そもそも、何故現八が自ら因縁の相手に接触したのかは分からないが、何の理由もなく軽率な行動を取るほど馬鹿だとは思っていない。
「笙月院に青蘭がいる限り、正面突破は厳しいままでしょうね」
「なら俺が鬼になって強行突破するしかねえのか!?」
「風鬼になっても理性を失わない自信があるなら、私は止めないわ。どう?」
「う、……止めておきます」
「賢明ね。私には、あなた達を庇える地位も権力も無いんだもの。もし何かあったらご家族に顔向けできないわ」
「……名前」
「なに?」
「ごめんな」
「……私、理由も無く謝られるのが一番不快だわ」
「あー、いや……。名前が俺たちのためにわざわざ動く理由はねえのにさ、こうして相談乗ってもらって悪いなって」
「本気でそう思っているなら怒るけど。言ったでしょう? 私は、現八と古文吾だからあの日共に来てもらうことを選んだのよ」
古文吾は、驚愕したようにびくりと肩を揺らした。名前は穏やかな笑みを浮べながらその様を眺めている。

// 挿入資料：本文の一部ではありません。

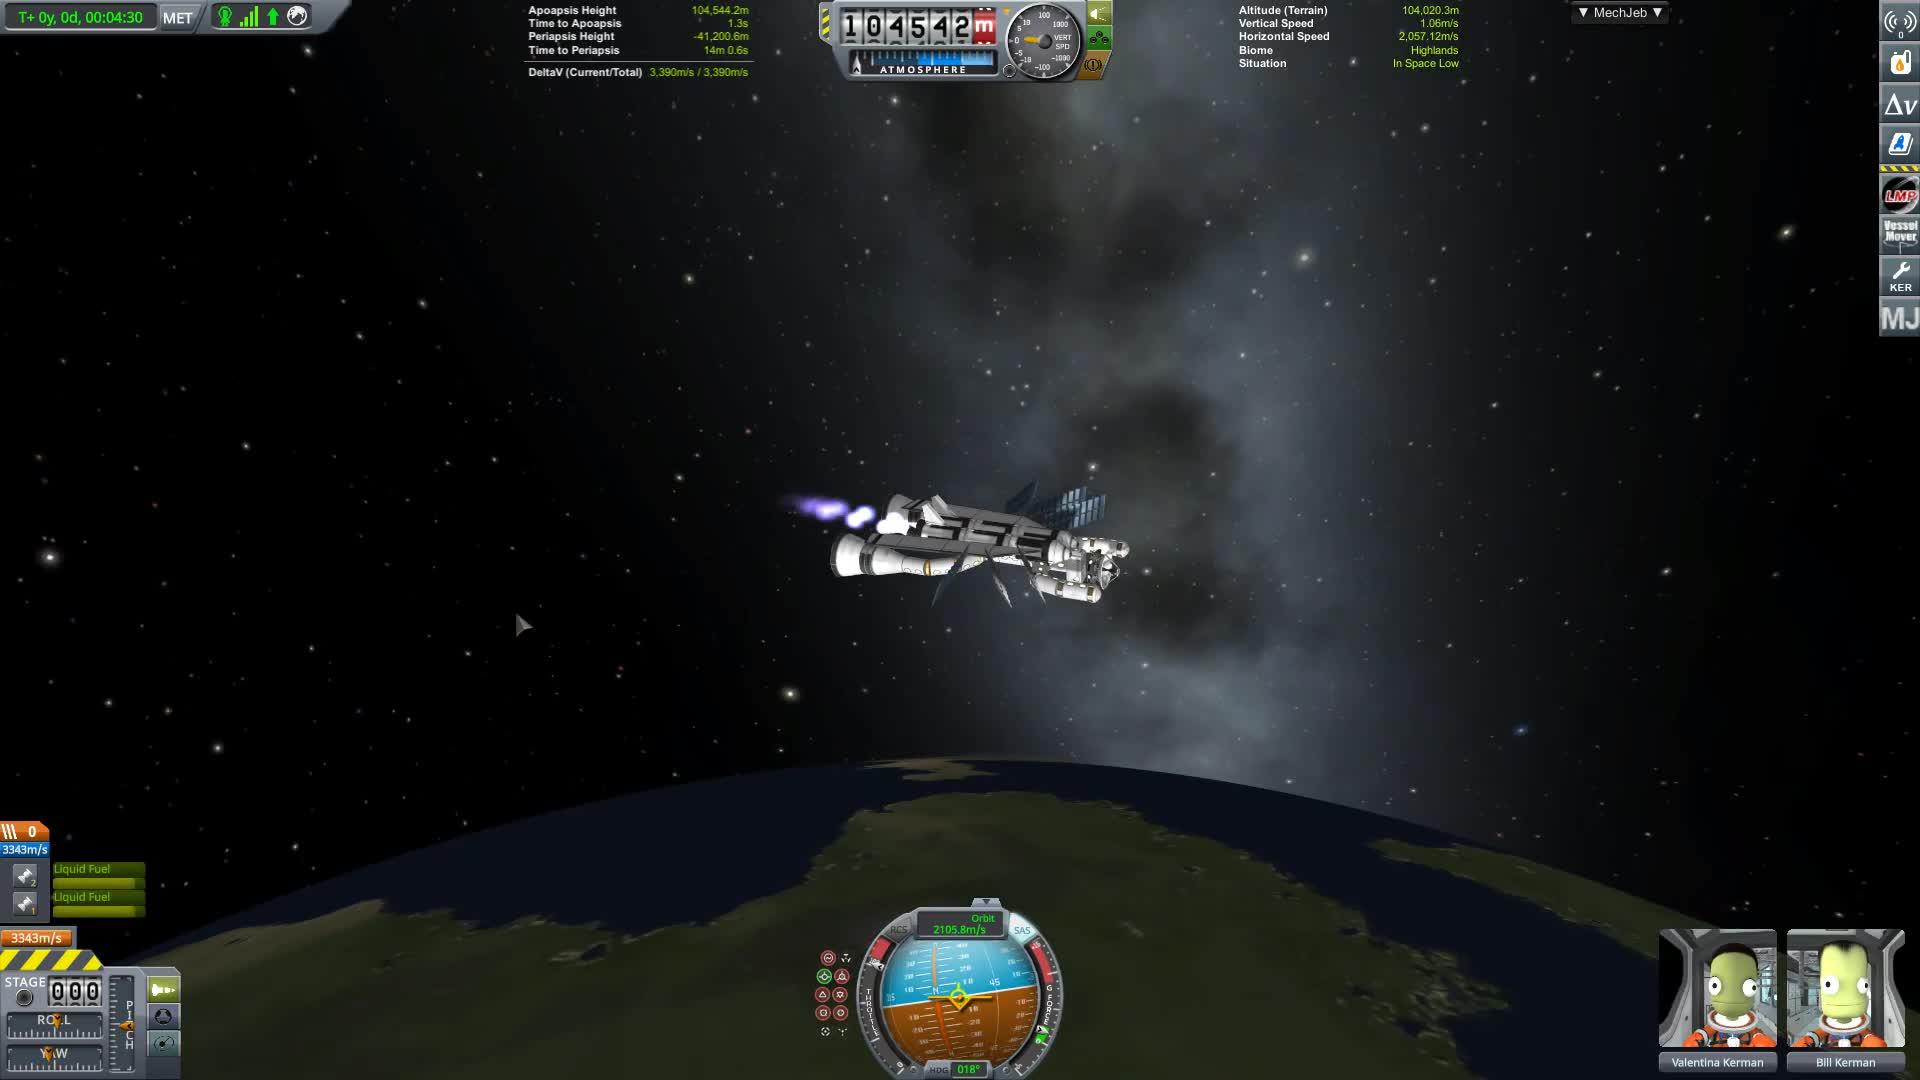 Game Play, Gameplay, JPlays, Jatwaa, KSP, Kerbal, Program, Space, funny, youtuber, Kerbal Space Program | Building and Launching StarMan Station GIFs

「今だから言うけど、私は一年前、死を覚悟していたもの。だからあなた達が死にたいなら最期にその手伝いをするつもりでいたし、生きたいならその背中を押すつもりだったわ」
「……何で、そこまでしてくれようとしたんだ?」
「沼藺さんを看取った時に、視てしまったから。彼女の想いも現八の想いも何もかも全てを。……あとは単純に羨ましかったのかしらね。死を目前にしたとしても、ただひたすらに生きることだけを願い続けられたあなた達が」
「……ただ単に、臆病だったんだよ。一人じゃ生きられねえから、たくさんのものに縋るしかねえ」
「それでも、死んだらそこで終わりよ。たとえ目に見えない存在となって傍に寄り添ってくれているのだとしても、今の私じゃ直接触れられない。言葉を交わせない。想いを伝えることすら出来ない」
「……名前」
「私は、共に生きてくれる人を探していたのかもしれないわね。ずっと。現八は私のお陰で救われたと言ってくれたけど、……本当に救われたのは私の方だったのかも」
はらはらと剥がれ落ちていく仮面は、名前の柔い心の内を暴き出していく。呼吸も出来ないほど息苦しく想いをひた隠しながら、古文吾はその無防備な掌を握り締めた。古文吾よりもずっと脆く見えるが、誰よりも力強く、温かい手だった。
「名前、ありがとうな」
「……何で古文吾が御礼を言うのよ」
「いや、その、言いたくなったから?」
「そう。……泣き言みたいなことを言っておいてなんだけど、現八の件は心配ないと思うわ」
「え?」
「だって、現八って死なないじゃない。青蘭だっていい加減痺れを切らして何か行動を起こす筈よ」
「あー、でもよ、万が一街で暴れ回ることになったらどう対処すんだ? 居場所なんて簡単に見つからねえだろ」
「それが、今の帝都には一つしか無いのよね。雷鬼が真っ先に向かう場所」
「……お前の所、とか言わないよな」
「私がそんな自惚れたこと言うと思ってるの? もっと確実な子がいるのよ。明日古文吾にも会わせてあげるわ。午後は空けておいてね」
「はいはい、分かりましたよ。そういや名前、今日は晩飯どうすんだ? 用意はすぐできるけど」
「……古文吾、私と一緒に食べたい?」
「は!?……いや、まあ、そりゃ普通に食いてえけど」
「うん、私も。ちょっと八房に伝言を頼んでくるから席を外すわね」
「おう、じゃあ早速持ってくるわ。少し待ってろ」
「ええ、お願い。また後でね」
艶やかな黒髪を靡かせて去っていく名前の後ろ姿を見て、古文吾は何もかも諦めたように再び項垂れた。